Description
Bad news. I discovered a major error in the singlediode p_mp calculation: given a time series input, the numerical solver exits if the solution for any single time is within the error tolerance, rather than requiring that the solution for all times be close enough. The error is in this line.
Here's some sample code:
photocurrent = np.linspace(0, 10, 11)
resistance_shunt = 16
resistance_series = 0.094
nNsVth = 0.473
saturation_current = 1.943e-09
sd = pvsystem.singlediode(photocurrent, saturation_current, resistance_series, resistance_shunt, nNsVth)
sd['i_mp']
array([ 0. , 0.59453544, 1.56145498, 2.54105091, 3.52353436,
4.50658749, 5.4890739 , 6.47016579, 7.44909413, 8.42504244,
9.39708533])
# change .all() to .any()
pvsystem = reload(pvlib.pvsystem)
sd_any = pvsystem.singlediode(photocurrent, saturation_current, resistance_series, resistance_shunt, nNsVth)
sd_any['i_mp']
array([ 0. , 0.54538398, 1.43273966, 2.36328163, 3.29255606,
4.23101358, 5.16177031, 6.09368251, 7.02197553, 7.96846051,
8.88220557])
sd['i_mp']/sd_any['i_mp']
array([ nan, 1.09012266, 1.0898386 , 1.07522137, 1.07015167,
1.06513189, 1.06340917, 1.06178256, 1.06082599, 1.05729864,
1.05796756])
sd['p_mp']/sd_any['p_mp']
array([ nan, 0.98250248, 0.92482996, 0.91242588, 0.91052337,
0.91256532, 0.9165425 , 0.92159883, 0.92731275, 0.93339723,
0.93974898])So the error here is on the order of 5 to 10%, but the results will depend on your exact input.

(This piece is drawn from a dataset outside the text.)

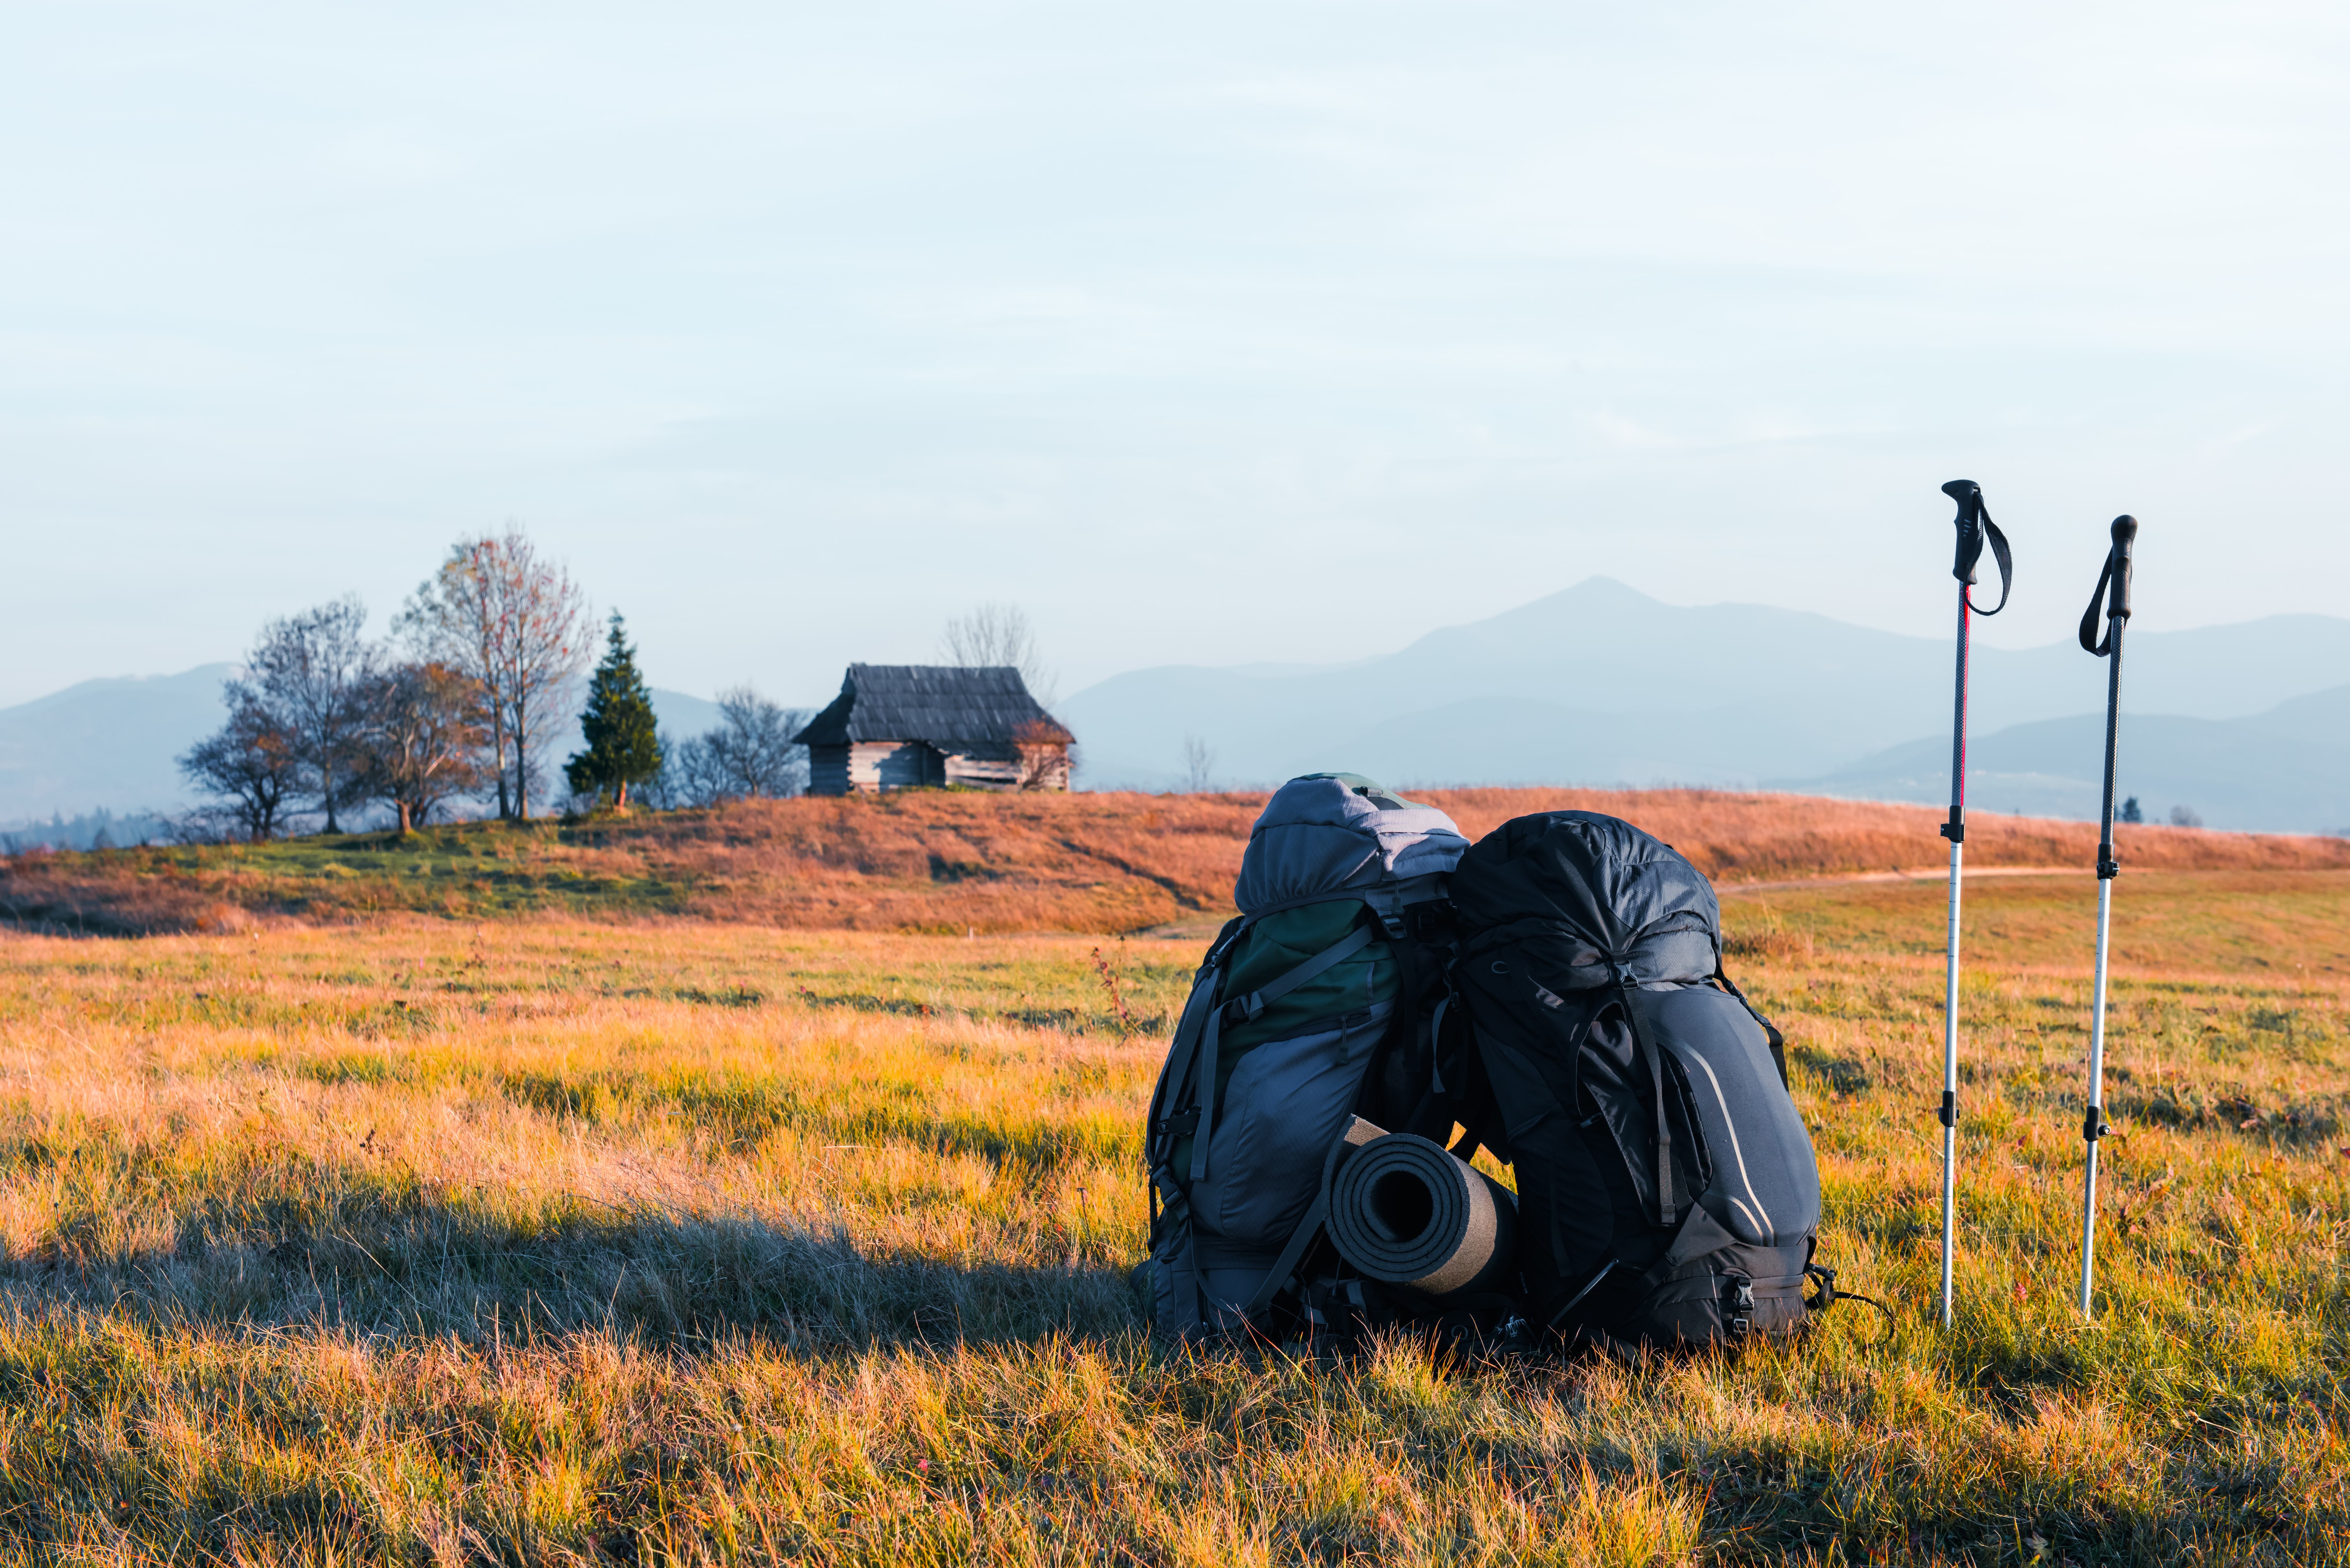 Autumn Camping Magic: Swiss Camping Equipment, deux sacs à dos dans la vallée des montagnes YF7PC6J - Swiss Made Direct - camping suisse, équipement de camping suisse, camping d'automne, couverture militaire suisse, équipement de camping

The blue dots on the IV curve below show the p_mp points in the old code. The black dots show the p_mp points in fixed code. These IV curves are generated using a fix for #83 that I'll make a PR for soon. They're also what led me to discovering the problem.
On a related note, someone should put more effort into verifying that the matlab and python libraries give the same results. Not me.